Catalase, like most enzymes, is a protein. It is found in perixisomes, which are membrane-bound organelles of cells. Catalase has an important biological function: it catalyses the breakdown of hydrogen peroxide, a toxic substance to organisms, to water and molecular oxygen, which are both harmless and useful.


Catalase is a dumbbell shaped structure with four polypeptide chains, each containing over 500 amino acids. Catalase also has four heme groups, which are made up of protoporphyrin rings containing a single iron atom.

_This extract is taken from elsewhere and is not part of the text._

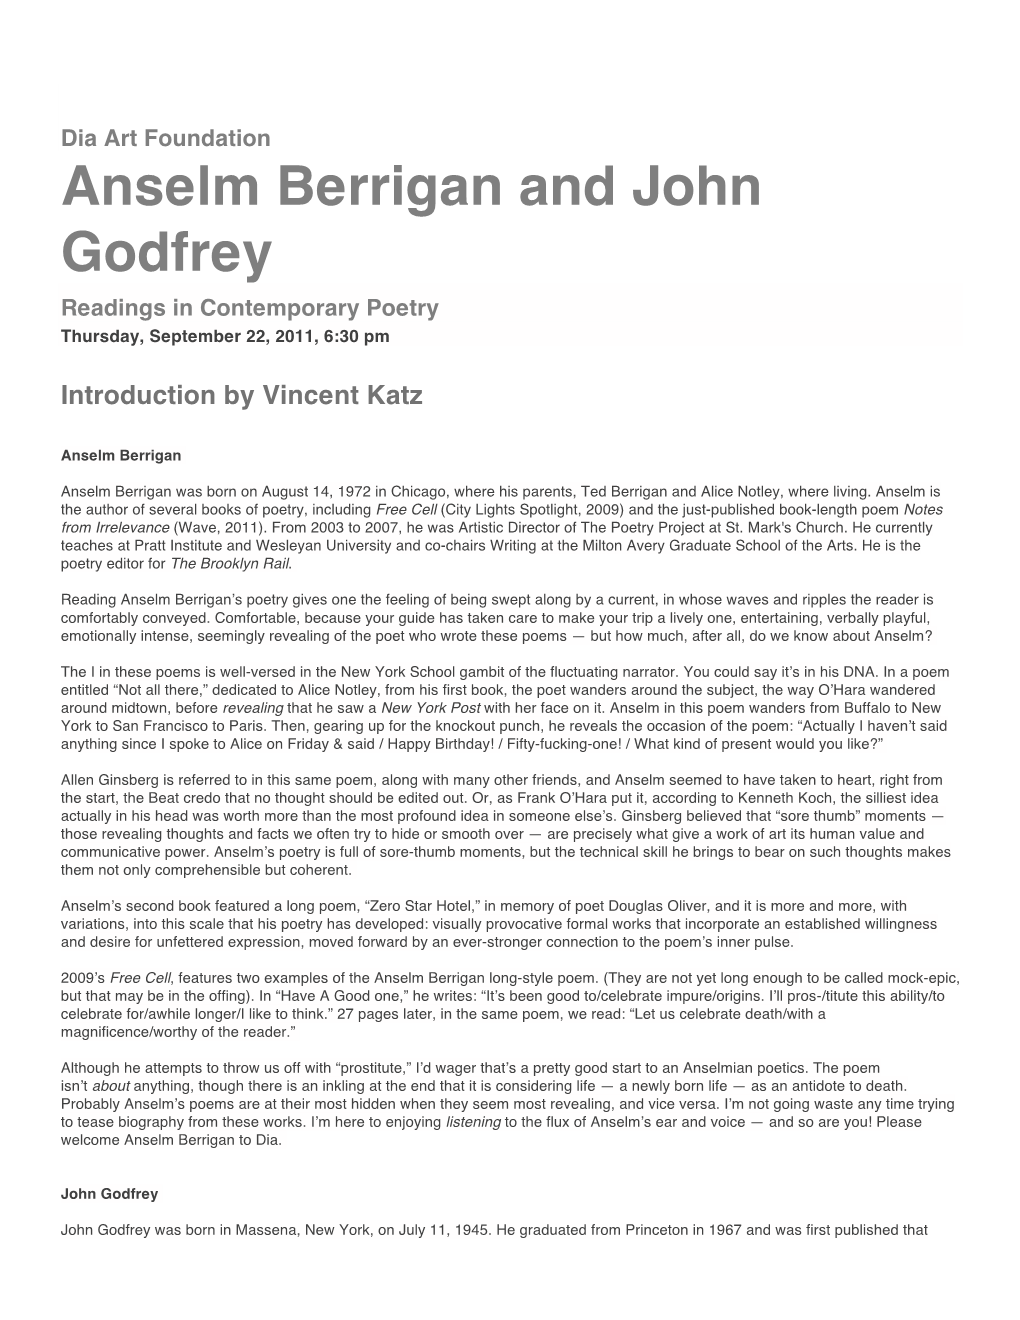 Anselm Berrigan and John Godfrey Readings in Contemporary Poetry Thursday, September 22, 2011, 6:30 Pm

These rings are nestled within the four chains.

The Importance of Catalase

Hydrogen peroxide is a by-product of many biological functions of organisms. All aerobic organisms use oxygen for respiration. The reduction of oxygen into water is sometimes incomplete, and an extra electron from a metal ion can be transferred, causing the formation of peroxide. However, most of the hydrogen peroxide is created during the production of ATP in the mitochondria.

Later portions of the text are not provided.